Assume that the common distribution $P_{(Z_1,..., Z_n)}$ of $n$ random variables $Z_i: \Omega \to [0 , \infty)$ is distributed as order statistic $(Z_{(1)},..., Z_{(n)})$. That means that for every measurable $A \in \mathcal{B}([0, \infty)^n)$ with respect the product Borel sigma algebra we have
$$ P_{(Z_1,..., Z_n)}(A) = \int_A n! \cdot 1_{(0 \le t_1 \le ... \le t_n \le t)} dt_1 \cdot ... \cdot dt_n $$
with indicator function $1_{(0 \le t_1 \le ... \le t_n \le t)}$ mapping all $n$-tupels $(t_1, t_2,..., t_n)$ to $1$ if $t_1 \le ... \le t_n$, otherwise to zero.
Let $E \in \mathcal{B}[0, \infty)$ any measurable set we define a new random variable $N_n(E): \Omega \to \mathbb{N}$ via
$$ N_n(E)(\omega):= \#\{i \ge 0: Z_i(\omega) \in E \} = \sum_{i=0}^{n} 1_{Z_i \in B}. $$
Question: Why is $N_n(E)$ has binomial distribution $B(n, p)$ where $p= \int_E dt_1$?
That is we have to check that for $1 \le k \le n$
$$ P(N_n(E)=k)= \frac{n!}{k! \cdot (n-k)!}p^k(1-p)^{n-k} $$
In particular I not how to obtain the factor $\frac{1}{k! \cdot (n-k)!}$. My idea was to observe that
$$ P(N_n(E)=k) = \int_{B_k} n! \cdot 1_{(0 \le t_1 \le ... \le t_n \le t)} dt_1 \cdot ... \cdot dt_n $$
where $B_k $ is the union of disjoint measurable sets $ E^{m_1} \times (E^c)^{\overline{m}_1} \times E^{m_2} \times (E^c)^{\overline{m}_2} \times ... E^{m_n} \times (E^c)^{\overline{m}_n} \times $ where the union runs over all $2n$-tupels $(m_1, \overline{m}_1, m_2, \overline{m}_2,...,m_n, \overline{m}_n) $ with $\sum_{i=1}^n m_i =k$ and $\sum_{i=1}^n \overline{m}_i =n-k$.
Why does this gives $\frac{n!}{k! \cdot (n-k)!}p^k(1-p)^{n-k}$?
The question is motivated by a step in the proof of Lemma 2.2 (page 37) proof from Kyprianou's "Introductory Lectures On Fluctuations Levy Processes with Applications" which I not understand.

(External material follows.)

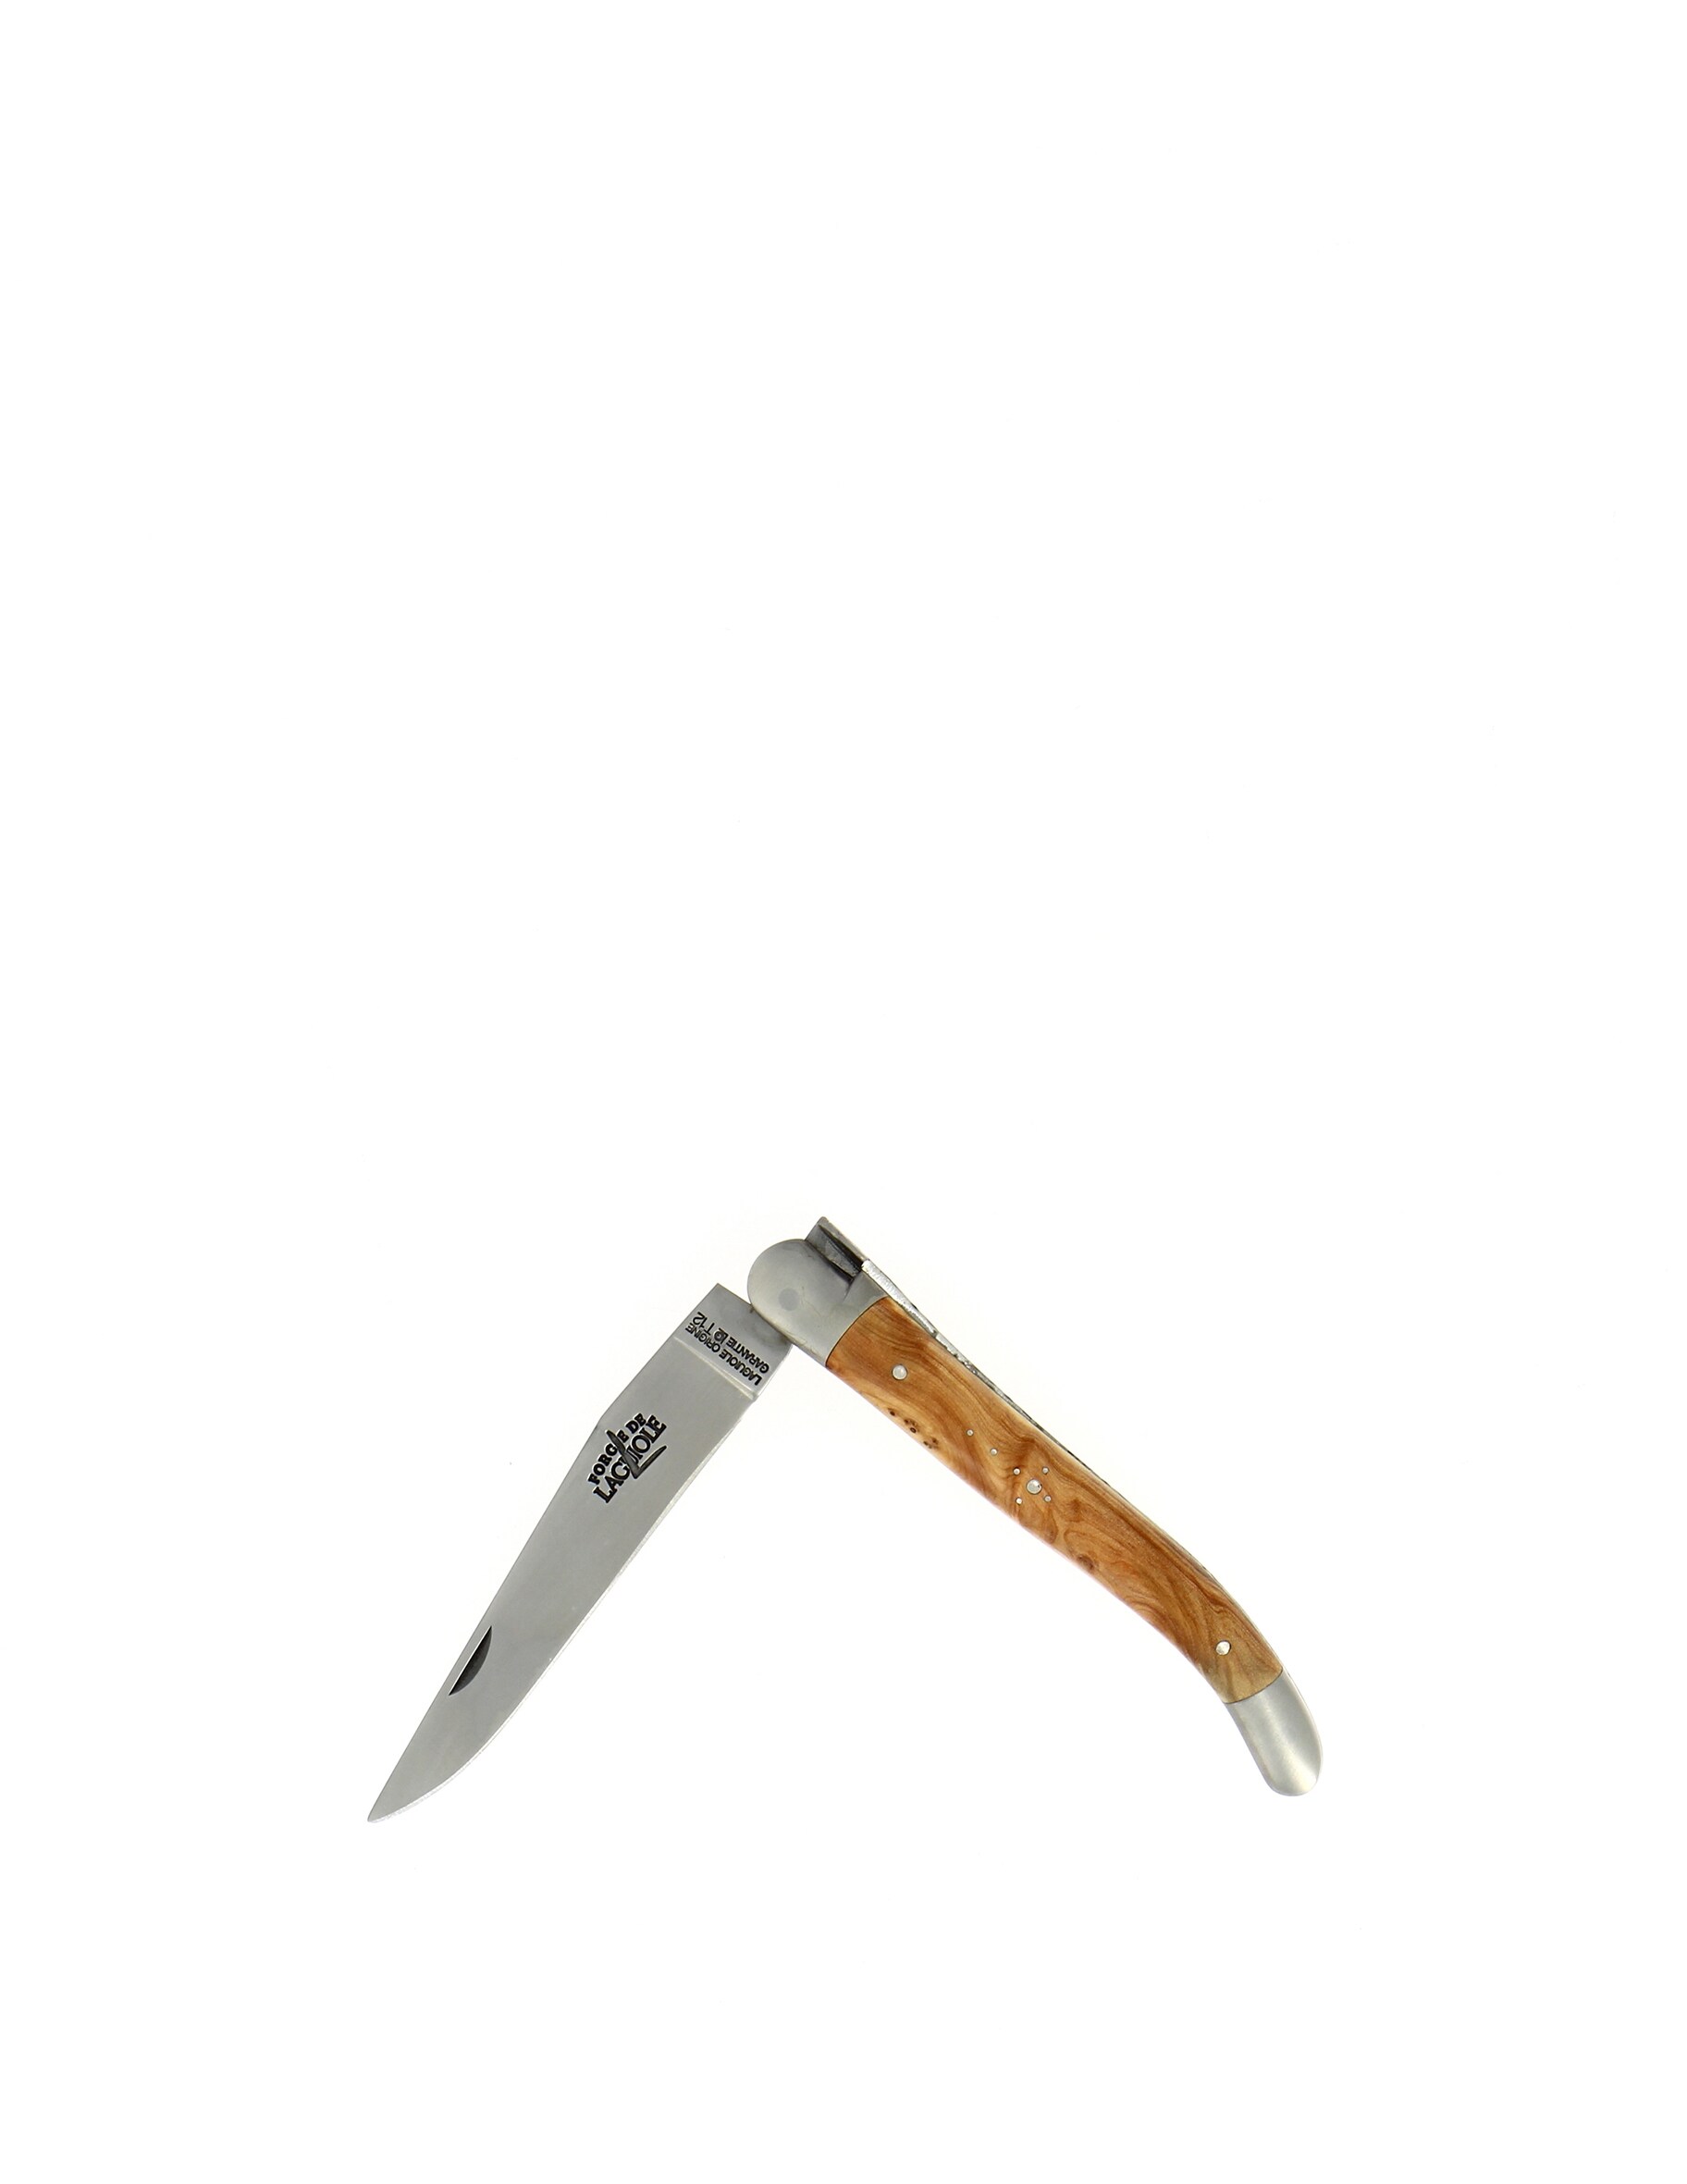 Карманный нож 11 см с ручкой из можжевельника Forge De Laguiole сабля en aubrac sabre сhampagne olivier для сабража 40 см cms99oli hzb1 forge de laguiole

I'm not very fluent in the 'techincal details' so please let me know if this answer is not convincing enough or misses something important. You can start by considering the sets of the type $E=[0,a)$.
Pick any set $E$ of the type $[0,a)$, then $P\left(N_{n}(E)=k\right)$ is equal to the probability of $\left(Z_{(1)},\ldots,Z_{(k)}\leq a\right)$. Integrating from $dt_{1}$ to $dt_{(k)}$ will yield (please forget about the technical details) $n!\frac{p^{k}}{k!}$: $$ \int_{0}^{t_{2}}n!dt_{1}\left(\int\cdots\right) = \int_{0}^{t_{3}}t_{2}dt_{2}\left(\int\cdots\right) = \int_{0}^{t_{4}}\frac{t_{3}^{2}}{2}dt_{3}\left(\int\cdots\right)=\int_{0}^{t_{5}}\frac{t_{4}^{3}}{3!}\left(\int\cdots\right) =\cdots=\int_{0}^{a}\frac{t_{k}^{k-1}}{(k-1)!}dt_{k} = \frac{p^{k}}{k!} $$
. Now integrating from $dt_{(k+1)}$ up to $dt_{(n)}$ will yield $n!\frac{p^{k}}{k!}\frac{(1-p)^{n-k}}{(n-k)!}$. You can do the same but in this case integrate 'forwards' and end up with the integral between $a$ and $1$ for $\left(1-p\right)^{k-1}/(k-1)!)$ with a flipped sign if necessary.
Inuitively, you have $k$ random variables in $E$ and $n-k$ not in $E$, so you have to count all possible configurations (hence the $\frac{n!}{k!(n-k)!}$).
I think (but am not sure) that without loss of generality you can assume that for $N_{n}(E)=k$ you can assume that it is $\left\{Z_{(1)},\ldots,Z_{(k)}\right\}\in E$, so the proof would follow through.